Saturday, 21 July 2012

Deaths of Damascene Despots

Djemal Pasha, Butcher of Damascus
Today marks a curious anniversary. It was on 21st July 1922, exactly ninety years ago, that Djemal Pasha, known as a-Saffah (“The Butcher”), the Damascus-based Ottoman governor of Syria, was assassinated by an Armenian. Djemal had it coming. He had played a leading role in the genocide of Armenians, and brutally liquidated many dissident Christians, Shi’a Muslims and Lebanese. 

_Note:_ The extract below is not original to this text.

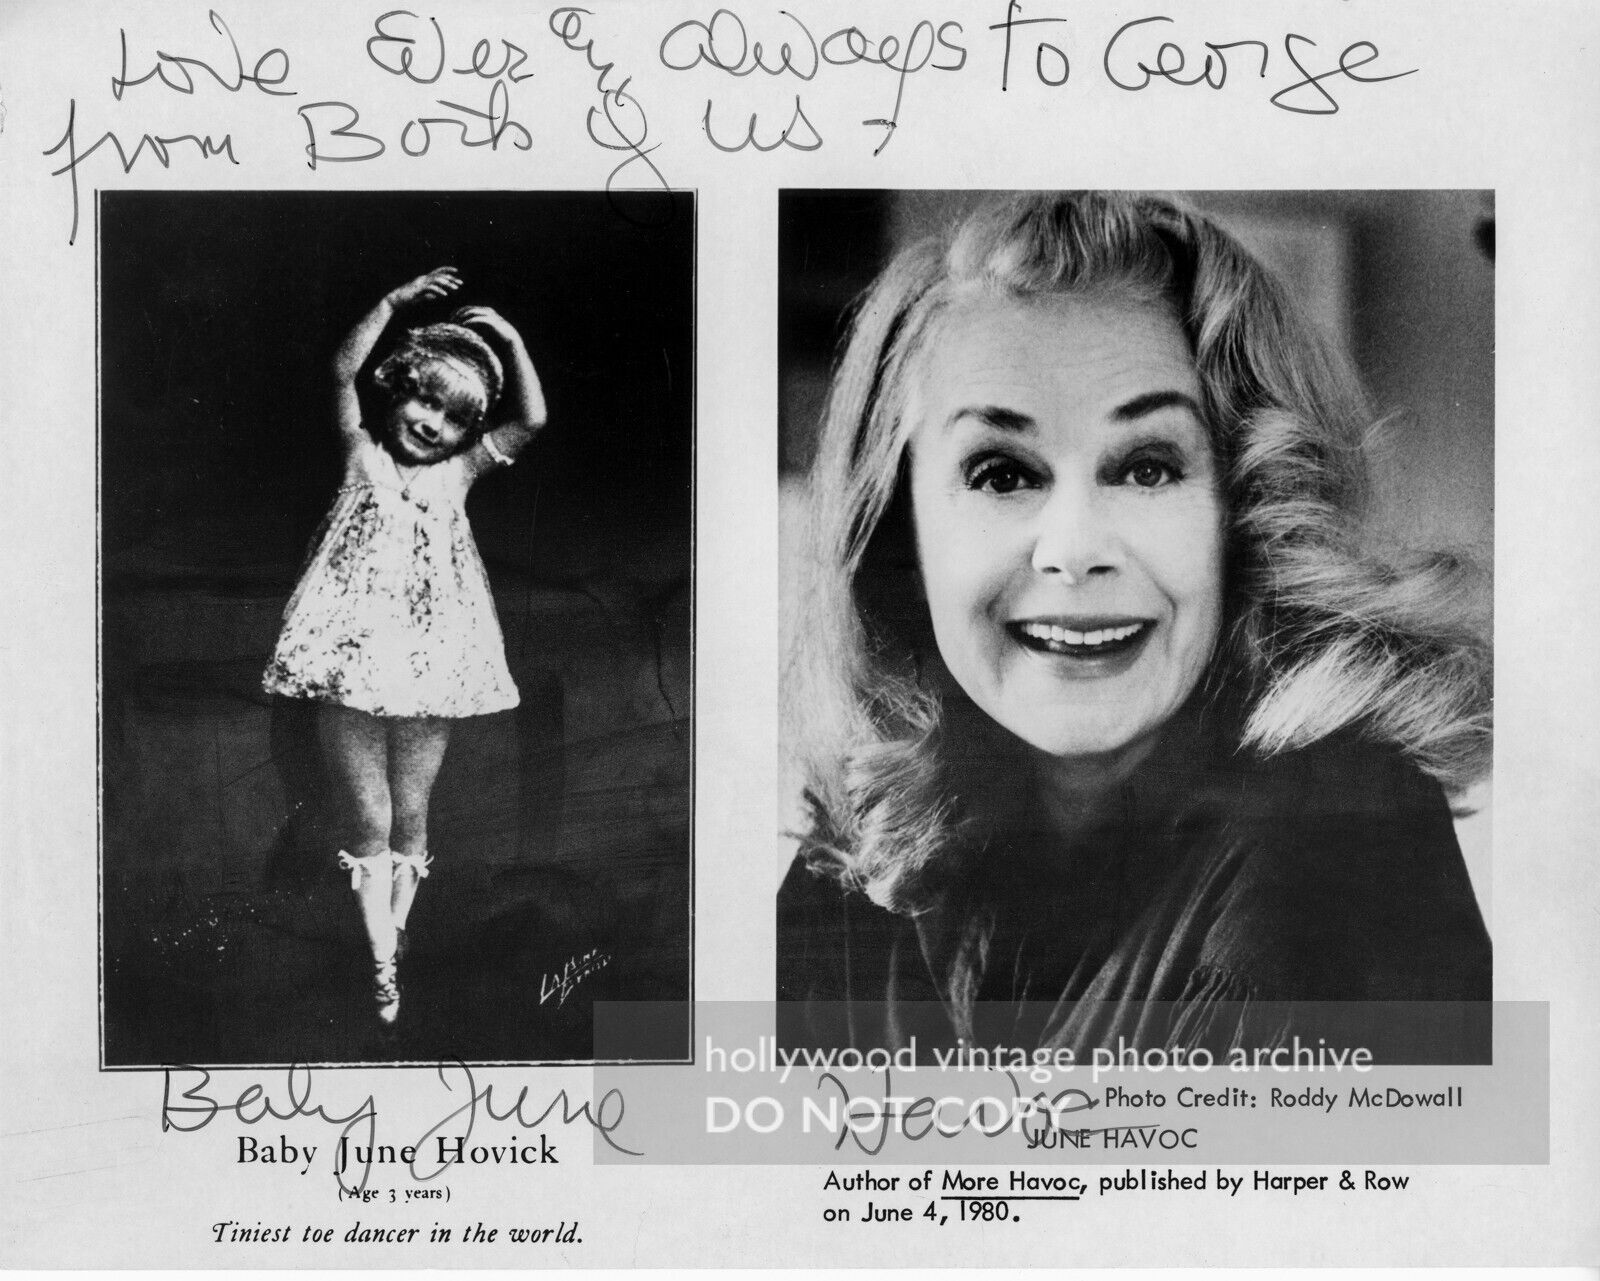 June Havoc quirky \'double\' SIGNED photograph \'from both of us\' Baby June Hovick

On 21st July 2012, Djemal’s spiritual descendant Bashar al-Assad, who is said still to be lurking in Damascus, must be concerned that the violent deaths this week of four of his closest “senior management team” herald his own.  
Antigonus the One-Eyed in Alexander
Al-Assad, who trained as an ophthalmologist, would presumably take a professional interest in my favourite despot of Damascus, “Antigonus the One-Eyed”.  This Macedonian Cyclops was Alexander the Great’s toughest general and very nearly succeeded in uniting the Macedonian empire during the wars of the Successors.   

He was enormously tall and scarred as well as monocular (much more scarey than Ian Beattie portrayed him in Oliver Stone's 2004 movie). His mistake was to have the honesty to adopt the title of King (Basileus) when the other Successors were creepily saying that they only wanted to rule vicariously in the deceased Alexander’s name. This frank acknowledgement of his own power meant that Antigonus had to keep on waging war, and he died in battle IN HIS SEVENTIES!

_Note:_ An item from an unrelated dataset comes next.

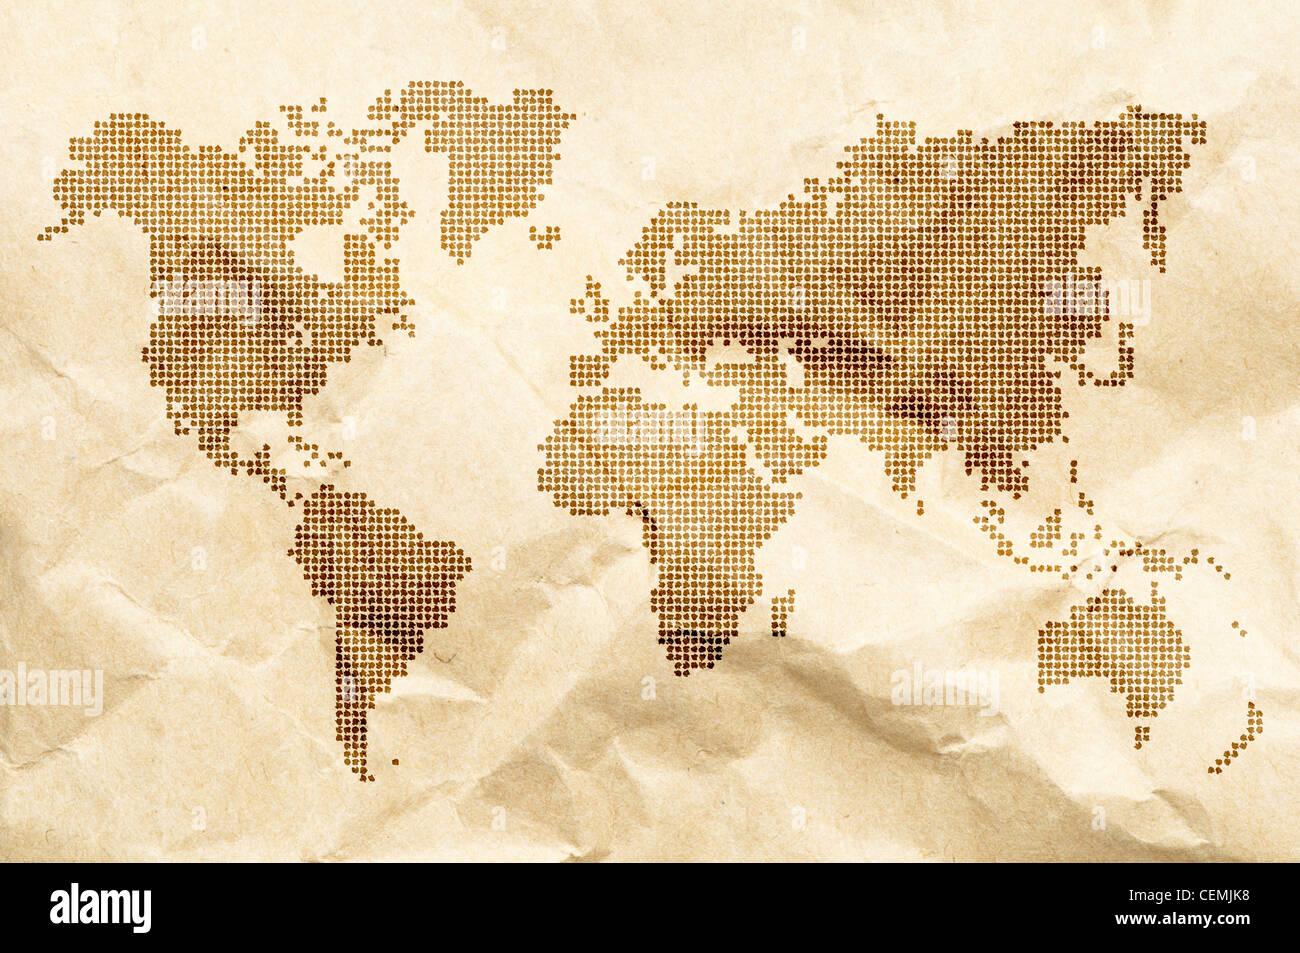 Dot World old style map background. Crumpled old paper Stock Photo

Khālid ibn al-Walīd, Wine-Hygienist
Nor did the far-famed Khālid ibn al-Walīd, Companion of Muhammad, conqueror of Damascus in 634, get the death he wanted. Pockmarked, big-bearded, and a champion wrestler, he only bathed in alcohol (although insisting to other Muslims that he never drank it). He remained undefeated in more than a hundred mighty battles. But his sad last words regretted his tame demise: “I've fought in so many battles seeking martyrdom that there is no spot in my body left without a scar or a wound made by a spear or sword. And yet here I am, dying on my own bed like an old camel.”
Until al-Assad lost the plot, however, the prize for most bloodthirsty ruler of Damascus should perhaps have gone to “Timur the Lame” (aka Tamberlaine the Great).  He enslaved half the population, deported the skilled artisans to Samarkand, and murdered all the rest, piling their heads up in a field in the north-east of Damascus. The name of the place is still “Tower of Heads” (Burj al ru'us). Christopher Marlowe imagined what this Turkic megalomaniac looked like when annoyed: 

   Upon his brows was portrayed ugly death,
   And in his eyes the fury of his heart,
   That shine as comets, menacing revenge.

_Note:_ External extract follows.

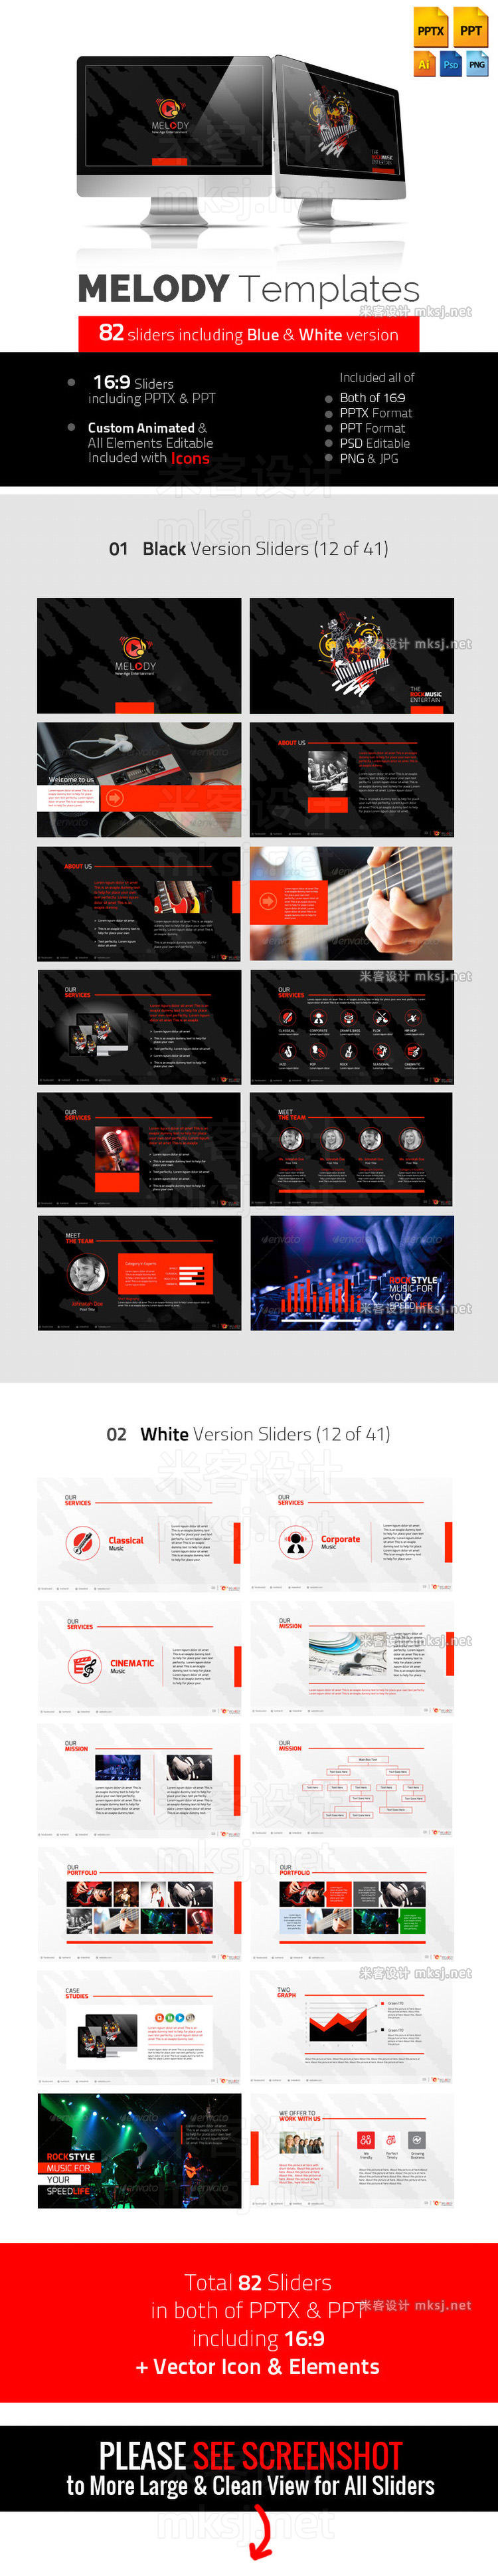 PPT模板 melody professional multimedia templates

But Tamberlaine was cheated of a glorious exit from this life, freezing to death on a campaign for the Emperor of China which he had rashly undertaken in winter.  

The current Despot of Damascus also sucks up to China. But given the climate of Syria he is unlikely to freeze to death. He is also increasingly unlikely to die anywhere as late as his seventies or at home in peaceful old age. My personal preference would be to have him made to account for the deaths of his people on trial in the International Criminal Court in the Hague. But assassination, the fate which befell his predecessor Djemal Pasha nine decades ago to the very day, can scarcely be off the cards.

1 comment:

  1. The ban on alcohol in Islam is upon drinking it. When the Caliph Umar found out that Khalid bin Walid bathed with salts that included alcoholic content he asked Khalid about it who replied that he did not drink it. There is no taboo against external use of alcohol for medicinal purposes or in scents and cosmetics in which it is widely used.